═══ COLLECTED MATERIAL

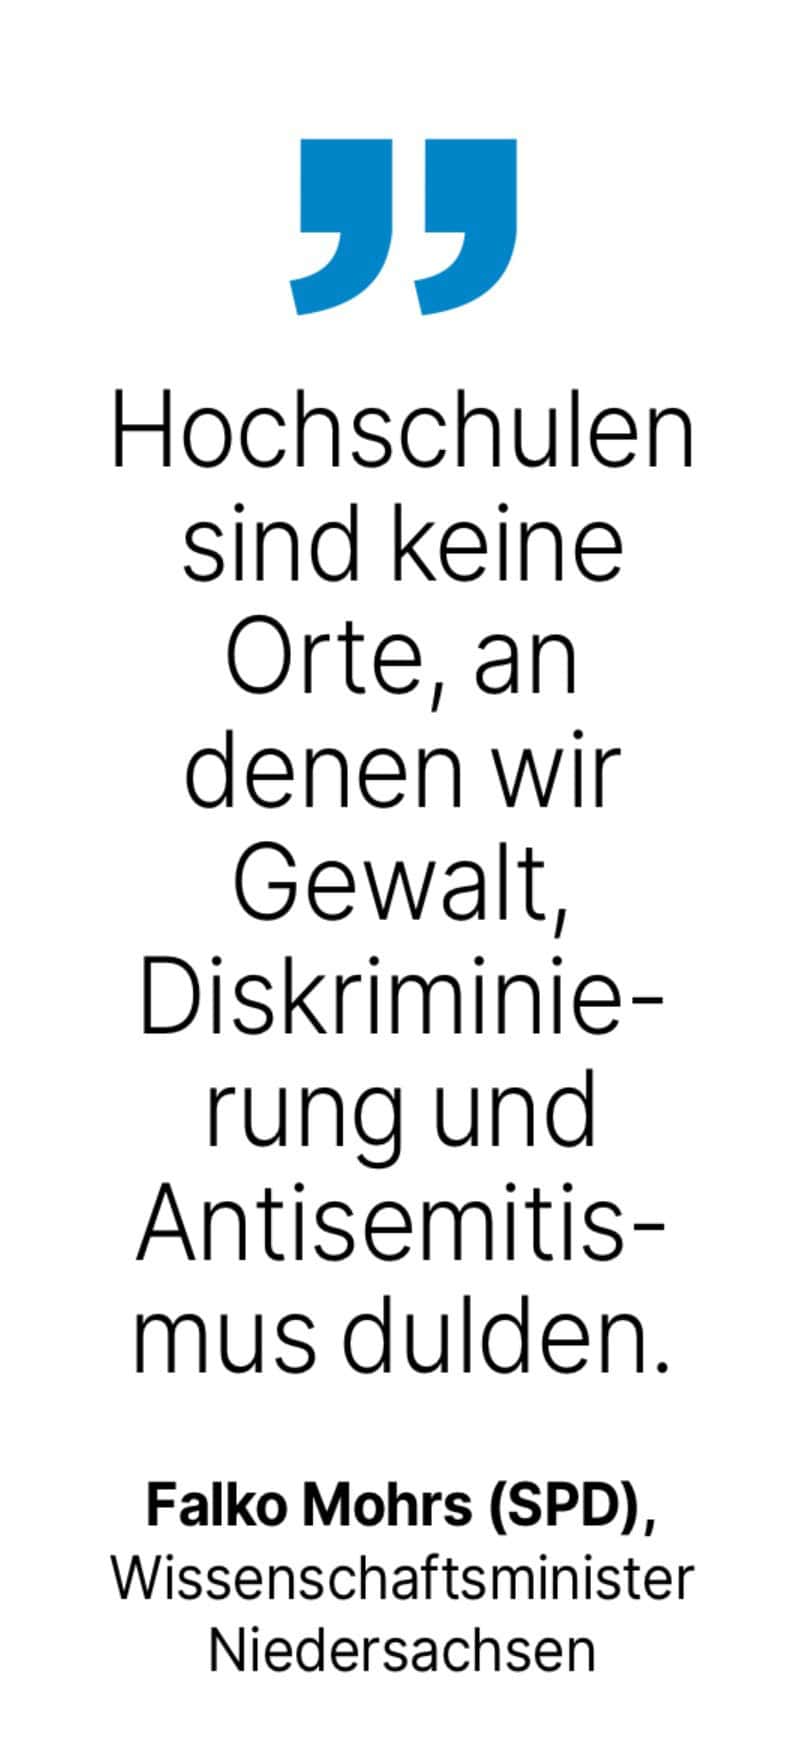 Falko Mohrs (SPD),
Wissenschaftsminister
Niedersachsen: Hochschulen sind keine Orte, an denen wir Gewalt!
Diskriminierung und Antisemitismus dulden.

══════

» **YOUR ASSIGNMENT**:
Apart from the images, reproduce the listing exactly as it appears.

» **REPLY**:
 Falko Mohrs (SPD),
Wissenschaftsminister
Niedersachsen: Hochschulen sind keine Orte, an denen wir Gewalt!
Diskriminierung und Antisemitismus dulden.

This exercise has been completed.